Un cáliz de amor.
Las disrupciones familiares y los pequeños cataclismos hogareños han estado presentes en el cine de Asghar Farhadi desde sus inicios. En una jugada profesional muy inteligente, el iraní comenzó su carrera recurriendo a la “estrategia Akira Kurosawa” en pos de occidentalizar su producción, por lo que se apartó de las bazofias insustanciales con las que su país inundó -durante la década de los 90- el mercado festivalero facilista y el ámbito internacional de propensión arty. El director decidió combinar el naturalismo descarnado y los clanes conflictivos de John Cassavetes con cierta estructura y/ o detalles del suspenso más sutil, en su versión Nouvelle Vague (por lo general encontramos dosis iguales de verborragia a la Claude Chabrol y una minuciosidad humanista símil François Truffaut).
Su regreso, luego de haber ganado el Oscar a mejor película extranjera con la extraordinaria La Separación (Jodaeiye Nader az Simin, 2011), lo encuentra reincidiendo en sus tópicos habituales aunque volcando la balanza hacia el drama minimalista, en lo que podríamos leer como una necesidad de mantenerse en su “zona de confort” pero con la intención de profundizar sobre algunas aristas específicas.
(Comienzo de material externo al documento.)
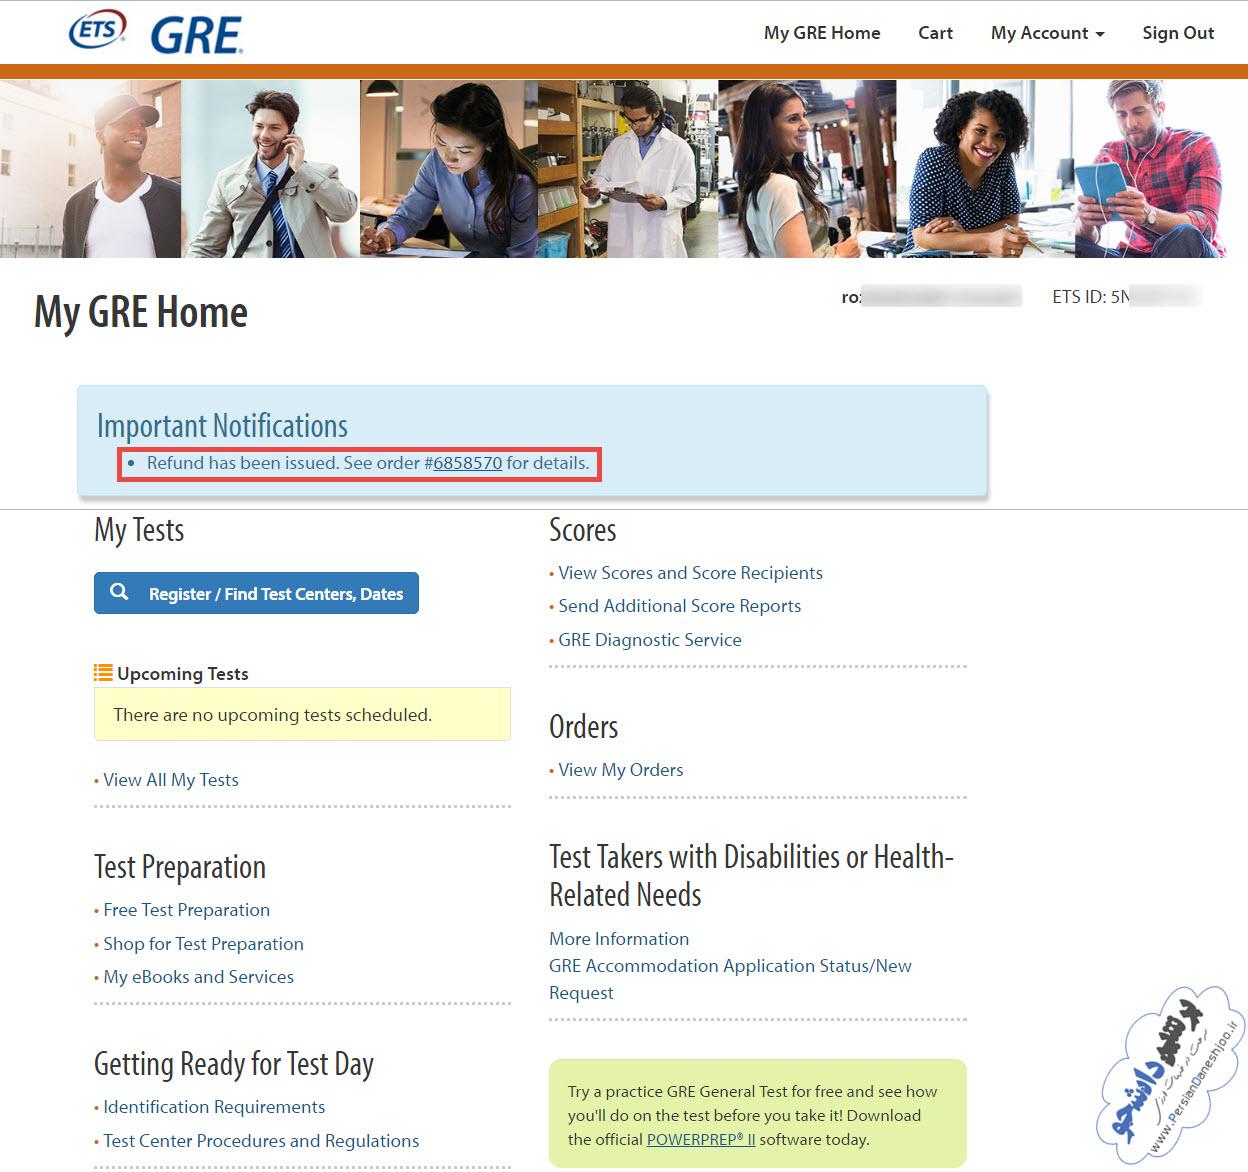 راهنمای لغو آزمون GRE
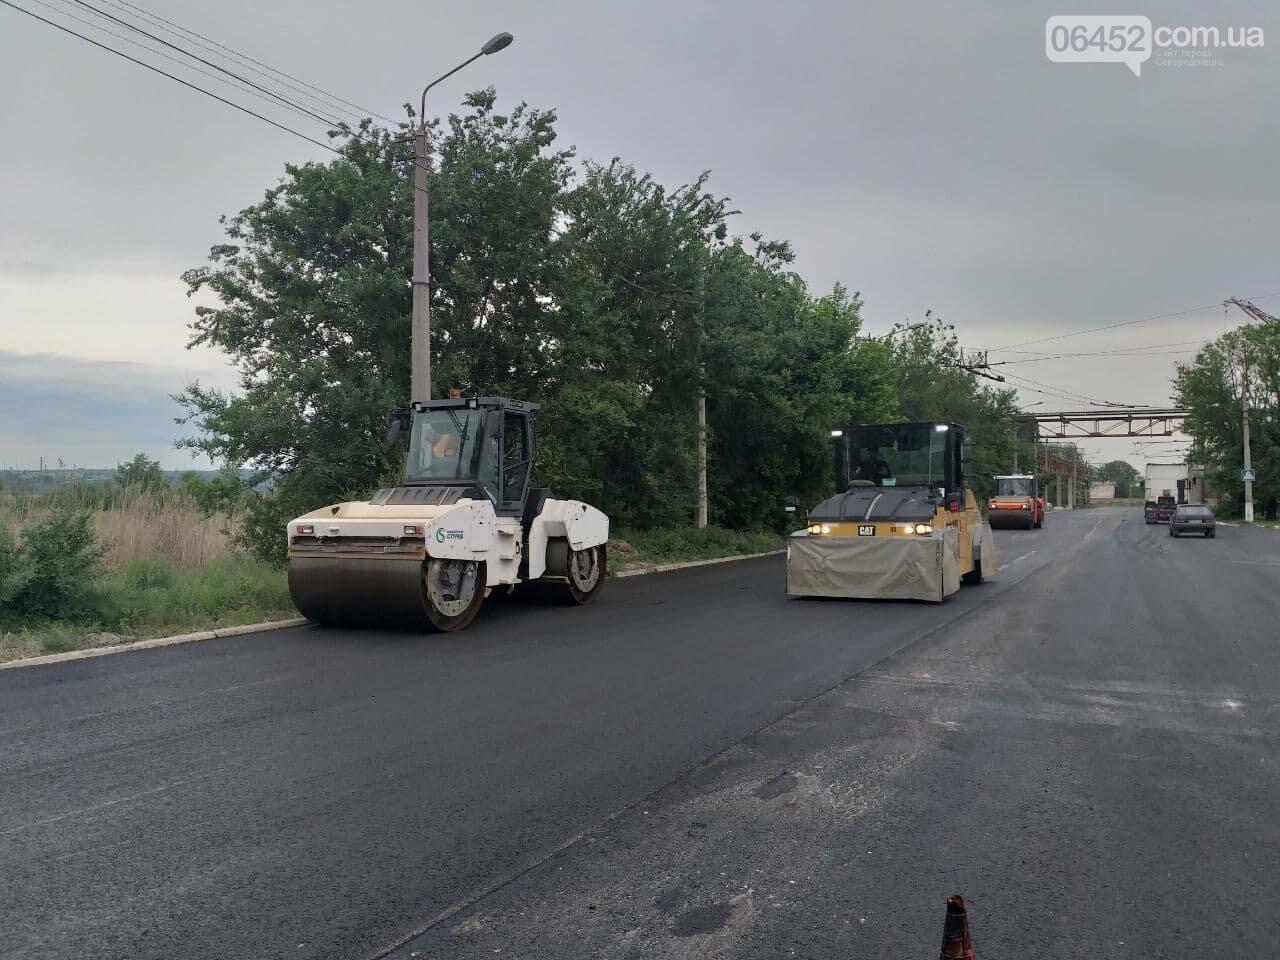 Ограничено движение троллейбусов и перекрыт пойменный мост: в Северодонецке ремонтируют дорогу, фото-10

Si bien El Pasado (Le Passé, 2013) continúa en la línea conceptual centrada en una serie de realidades paralelas que amenazan con derivar en una convergencia con destino de colapso, en esta oportunidad el misterio por detrás del accionar de los protagonistas no lo es tanto y el relato está más focalizado en el desarrollo de personajes y sus determinaciones ante el entorno paradójico que les toca vivir.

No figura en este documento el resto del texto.